Actually we learned this week that North Korean dictator Kim Jun-Un is a little, eensy teensy bit upset at Seth Rogen and James Franco for making a film about people attempting to assassinate him. It seems reasonable that someone would be pissed over a film being made all about their murder. However Kim Jung-Un doesn’t help his case that he’s just a nice guy trying to do what’s right for the people when he wants to go to war over something the star of Zack and Miri Make a Porno did. The reclusive North Korean government has issued a statement saying that the making and screening of Rogen’s film is an act of war. The Interview isn’t set to hit theaters until this October, but North Korea says if it does, the United States could be hit with a lot worse.
“The act of making and screening such a movie that portrays an attack on our top leadership… is a most wanton act of terror and act of war, and is absolutely intolerable,” a North Korean Foreign Ministry spokesman said.
Oh no you didn’t.
They went on to request that the United States government ban the film and stop it from being screened and released – or else it would trigger a “resolute and merciless response!” Seems they don’t really “get” how freedom of speech and democracy works. You have to offer up a lot of money for something like that to happen! And right now The Interview is getting a lot of free publicity! So looks like we are going to war with North Korea this October. Sweet! This means I just won a bet on how human civilization will end. The choices were:
A. An asteroid.
B. Global warming.
C. A nuclear war started by a chubby guy with a weird laugh who makes stoner comedies.

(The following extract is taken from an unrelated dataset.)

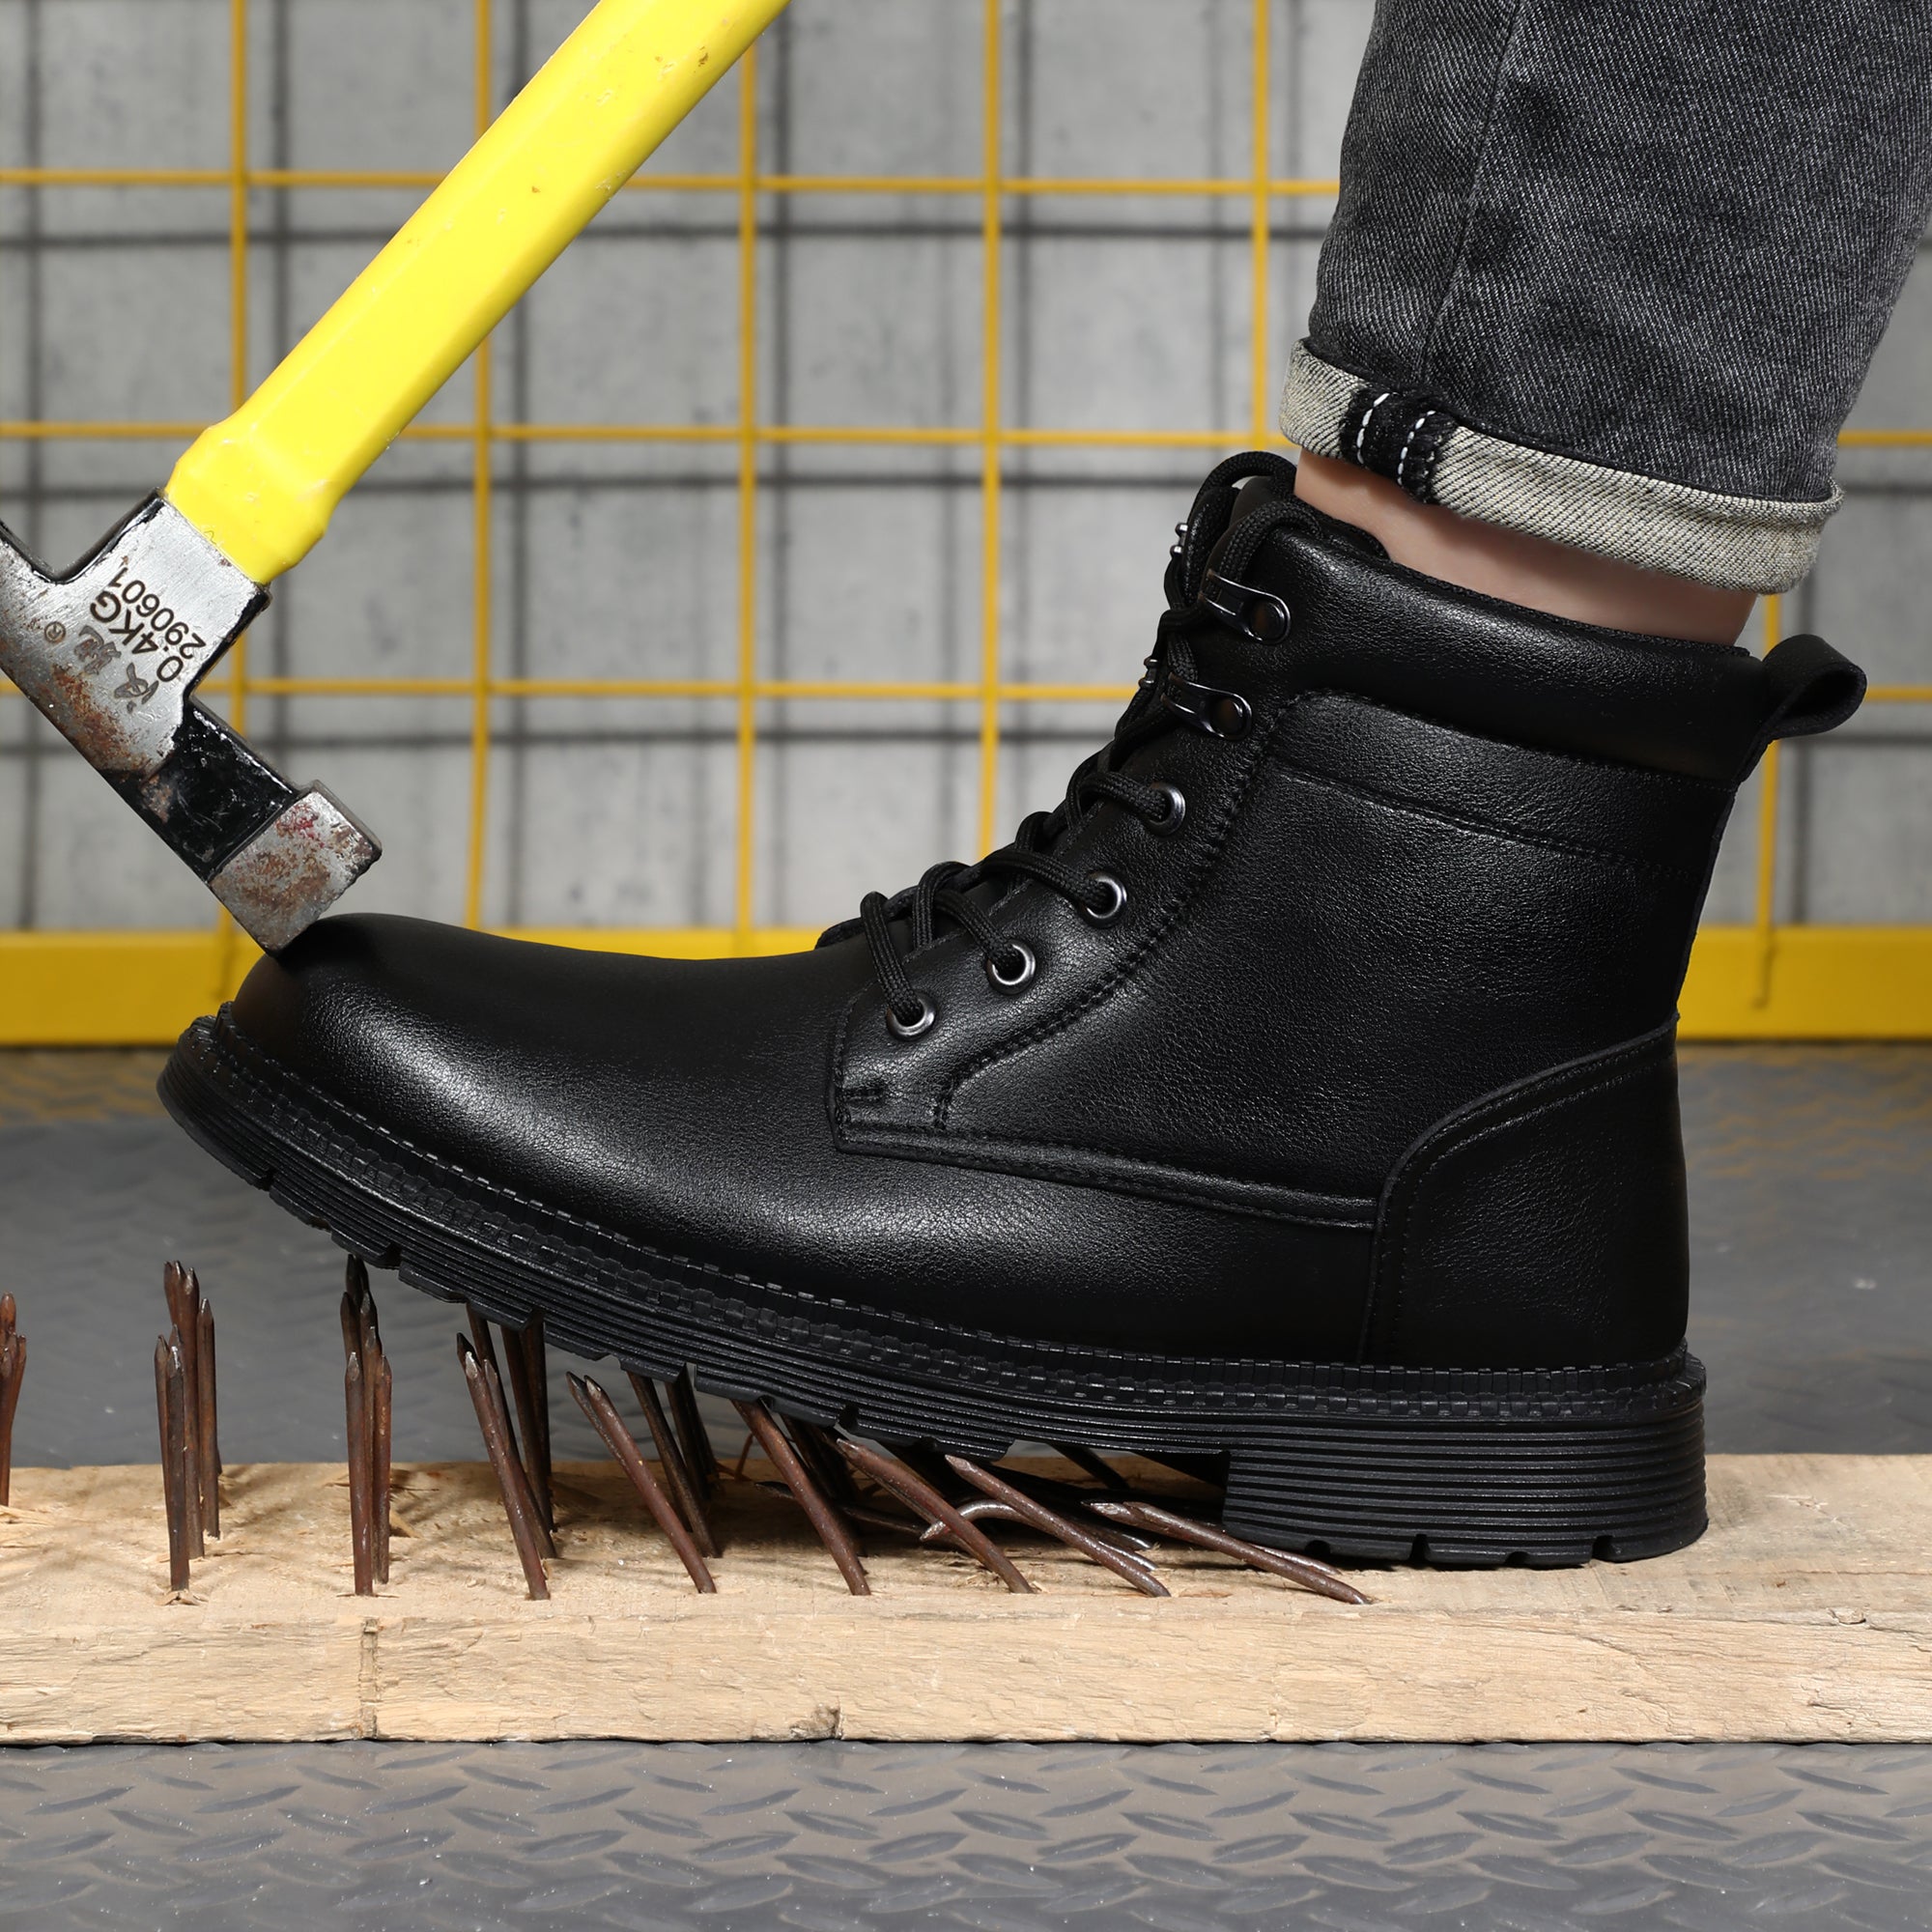 Panther Black PU Leather Safety Boot: Water-resistant, steel toe cap, and built for durability. Your long-lasting choice for reliable safety
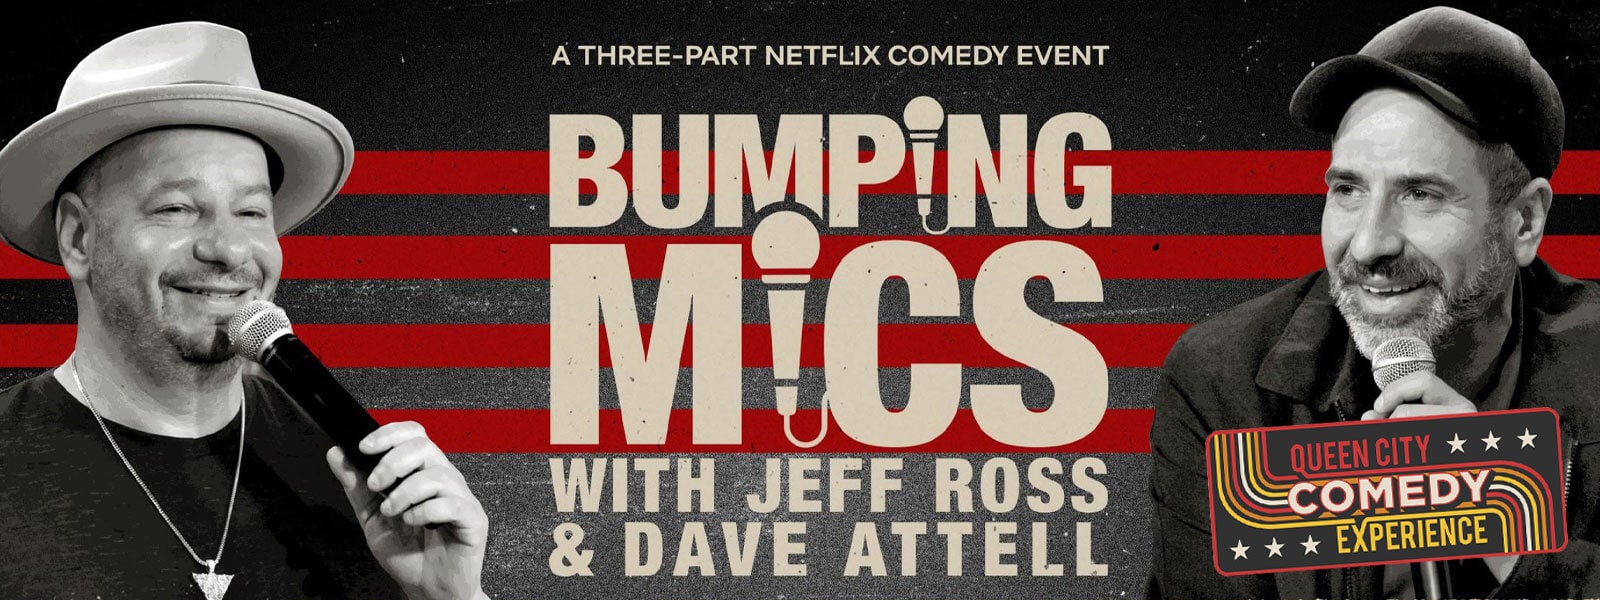 Bumping Mics with Jeff Ross and Dave Attell Blumenthal Performing Arts

The answer is C. It was the fat guy with the bong. Always keep your eye on the fat guy with the bong. However, if we do go to war with North Korea, this may not be the strangest reason for a war!
1. The Football War
In the past The World Cup has been the source of more international conflict than just a guy getting bitten. In 1969 El Salvador and Honduras fought the “100 Hours War” over a soccer match. Tensions over immigration issues where high between the two countries already when their teams played each other during a qualifying round of The World Cup. This resulted in riots between the fans and El Salvador attacked Honduras in a conflict that lasted 100 hours. And you thought it was bad when Boston won.
2. The Drunken War
OK, the reason for this war was more traditional but how they fought it was downright WEIRD. After the fall of the Soviet Union Moldova wanted to have closer ties with Romania but an eastern part of the country wanted to stay with Russia. Sounds familiar; however while soldiers and officers fought during the day, they would meet at night to drink together! They even “poured some out for their dead homies” so to speak, drinking to honor the people they had killed during the day. More wars should be like this!
3. The Pig War
I’ll wait for the movie.
In 1859 the United States and Great Britain had a mini war – today what we might call a conflict – over the shooting of a pig on the San Juan Islands. An American farmer living on the island shot a pig who wondered onto his land and was ruining his garden. The pig happened to be owned by an Irishman and the two got into quite an argument over the incident. British authorities threatened to arrest the American and American settlers demanded US military action. Man, they should have both just shared a plate of bacon. As the San Juan territory was under dispute between the two countries, this escalated quickly. However once word of the conflict got back to Washington and London, leaders quickly calmed the situation, thinking; “ya’ll crazy.”
4. The Wooden Bucket War
This is the wooden bucket in question. Would you fight a war over it? Just borrow the bucket.
In 1325 the city state of Modena declared war on its rival city Bologna in order to get a wooden bucket back. Apparently Modena soldiers stole a wooden bucket in Bologna and Bologna declared war over it. It’s like when your neighbor borrows the lawnmower and you have to kill his family to get it back. Kim Jong-Un doesn’t sound so crazy now. Maybe you could start war if they stole the king’s gold, or the princess, but a bucket? The resulting war lasted for twelve bloody years. The awesome part is they never got the bucket back! That stupid bucket is still kept in a Modena bell tower to this day as centuries long running “F-You.”